Ethan Hawke in 'Born to be Blue'

Courtesy of IFC Films

Ethan Hawke plays Chet Baker in "Born to Be Blue"

Old-fashioned Hollywood biopics such as Funny Girl and The Singing Nun embraced whole-cloth legend with unabashed glee. Here, by contrast, writer-director Robert Budreau uses overt signals — changes in color palette, film grain or simple context — to telegraph when he's about to shift from fact to fiction. We appreciate the cues, but when a film flaunts its habitual trespasses that way, you start to question everything: Did Baker's father (Stephen McHattie) really treat him so abysmally? Did Miles Davis (played here by Kedar Brown) actually dis him so savagely after a concert? Movies are works of imagination — we get that — but a biographical film should not send you from the theater with more questions than you brought in.

As Baker, Hawke deepens his string of indelible screen creations. Lovable and infuriating, his Baker alienates virtually every person around him, while keeping the viewer squarely in his corner. At the end, as Baker vacillates between staying clean and keeping the girl of his dreams, Hawke embroils us in his indecision — despite the obviousness of the correct choice.

If you come for the music: Featuring original recordings and latter-day performances by top musicians, both films are sonically outstanding.

The soundtrack of Miles Ahead is a greatest-hits album from the master, a collection of too-cool riffs that include Davis' performances of the title track, "Seven Steps to Heaven" and "Nefertiti." (The stars of both films took trumpet lessons to learn the correct fingering, and Cheadle has said he got as good as he reckons Davis was at age 9. The real genius, apparently, materializes between teeth and mouthpiece.)

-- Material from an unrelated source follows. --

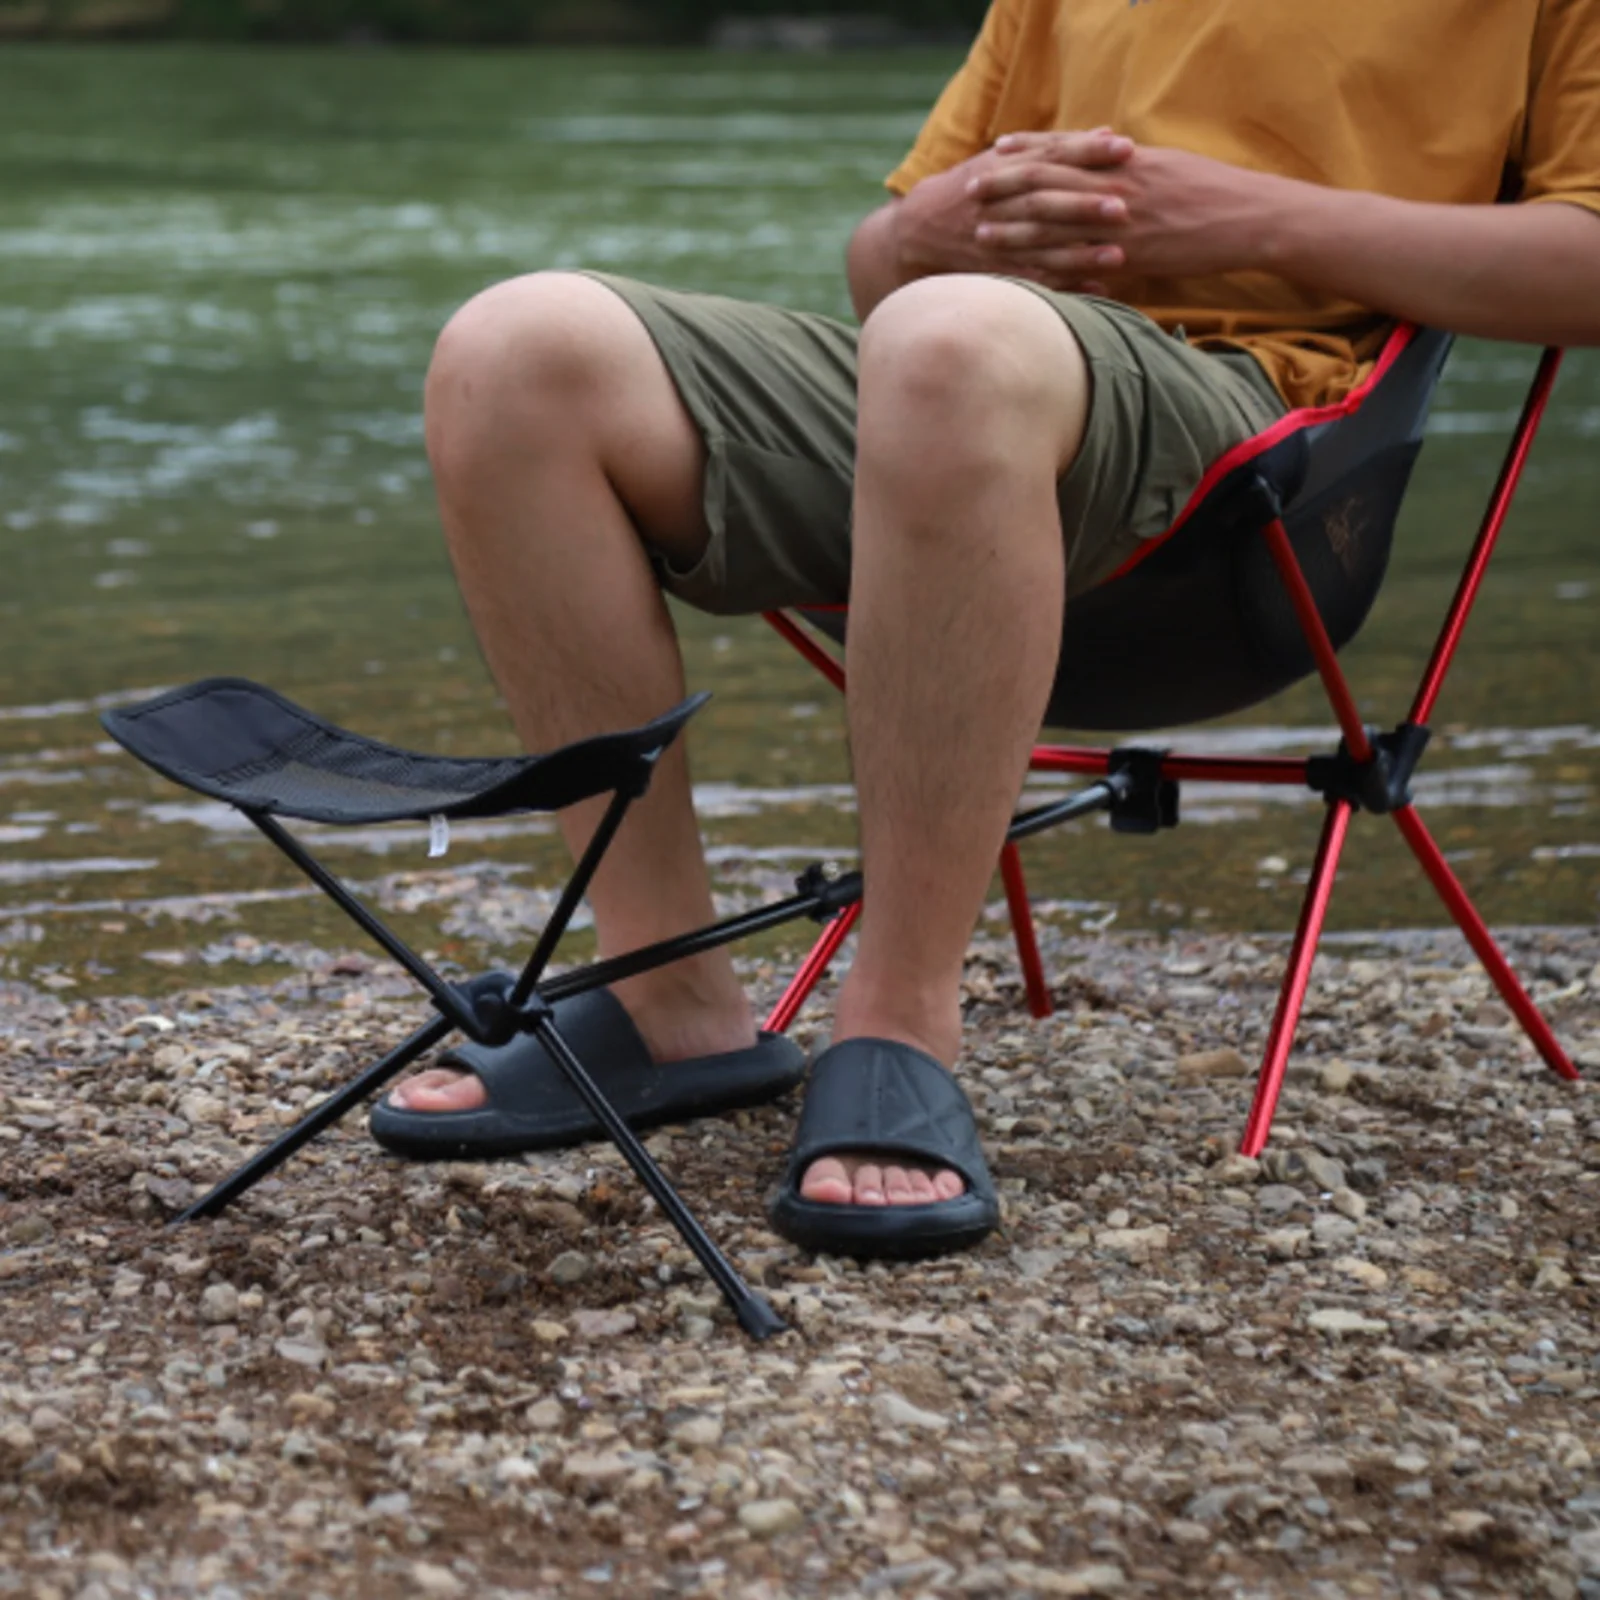 Ultralight Folding Chair Footrest, Foldable Feet Legs Rest, Non Slip Adjustable
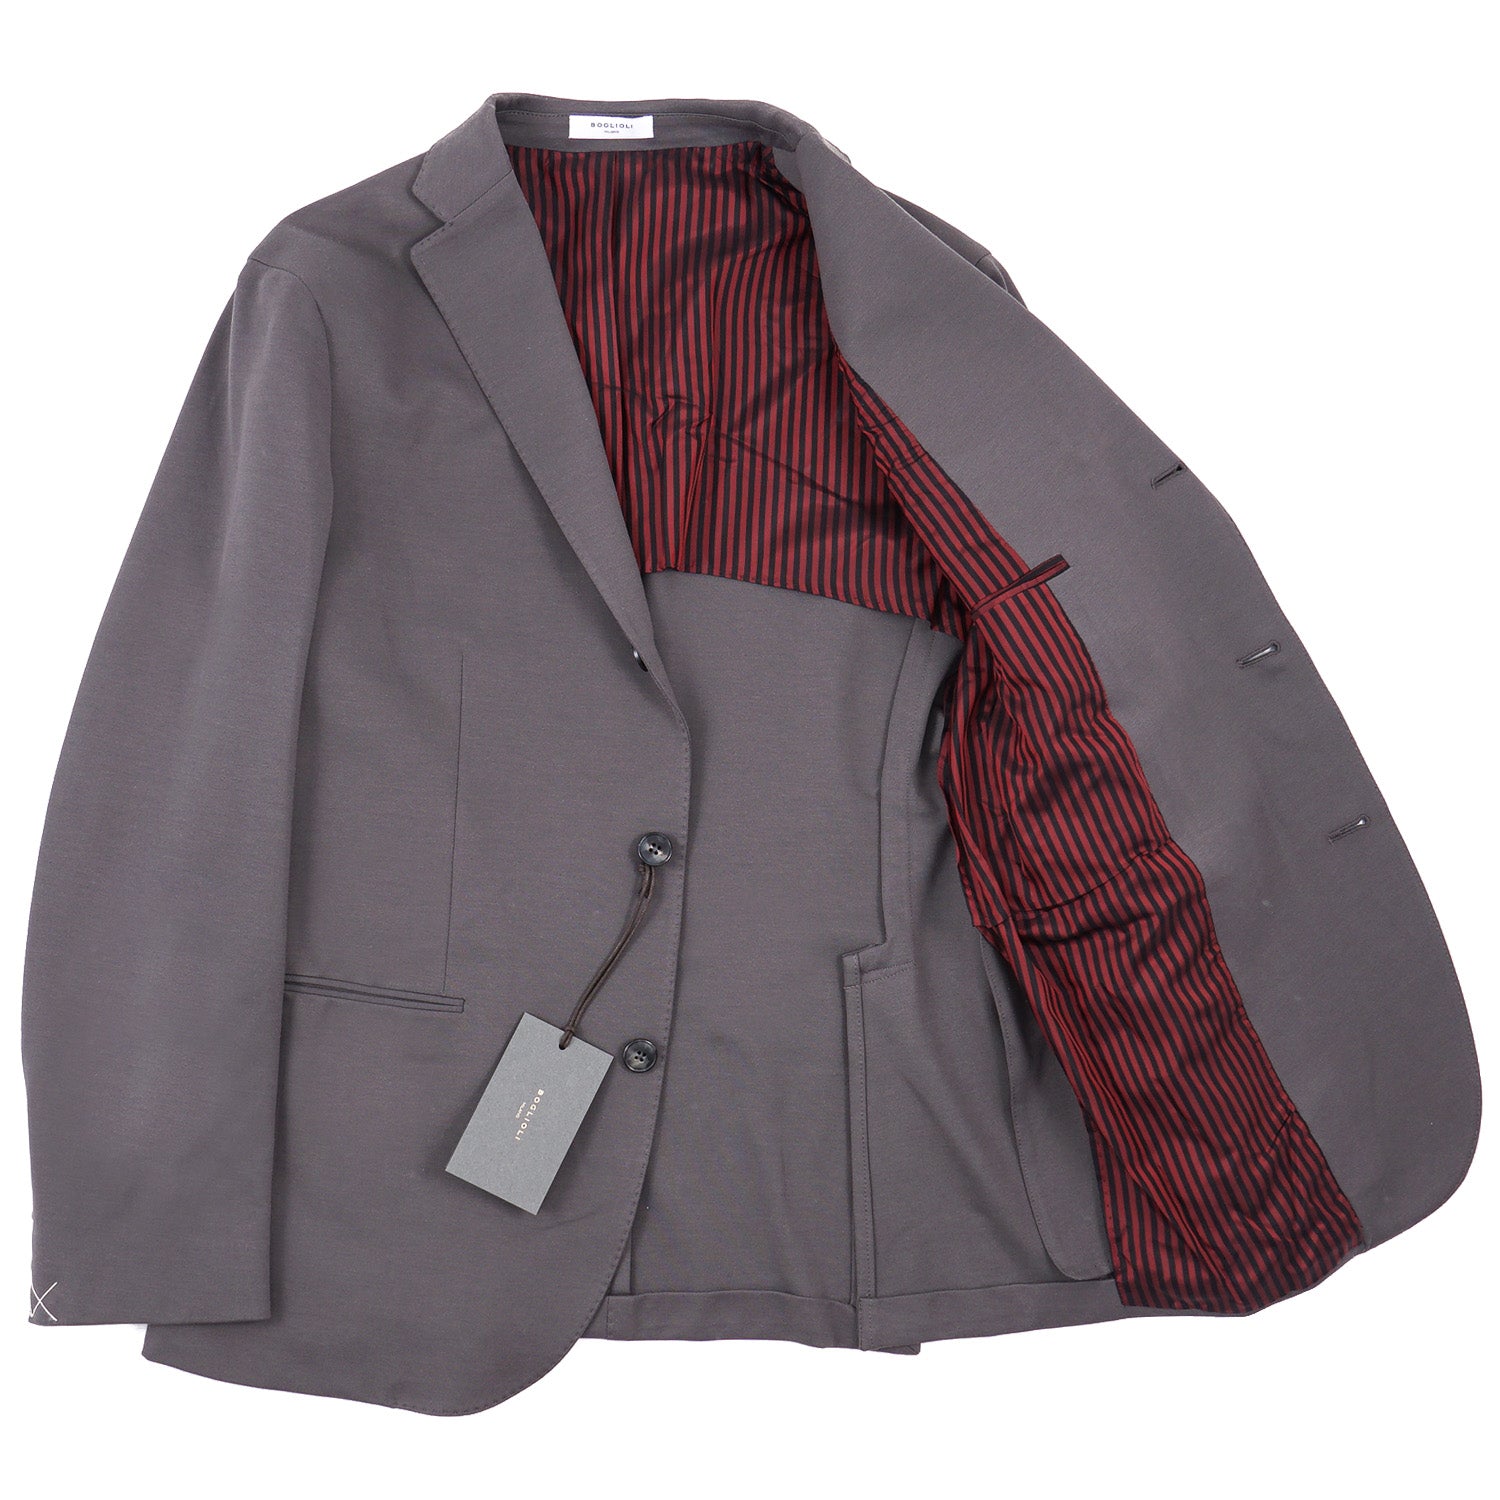 Boglioli Knit Jersey 'K Jacket' Suit - Top Shelf Apparel

Born to Be Blue does not include original Chet Baker recordings; instead, trumpeter Kevin Turcotte sits in on the soundtrack, while Hawke lends his own breathy tenor to "My Funny Valentine" and "I've Never Been in Love Before." (Like Louis Armstrong, Baker was not above putting the horn down and letting loose with a vocal or two.)

Listen to each soundtrack as a reminder that musical genius comes across more vibrantly on vinyl than on film. To the credit of both movies, though, it's not for lack of trying.

Bill Newcott is a writer, editor and movie critic for AARP Media.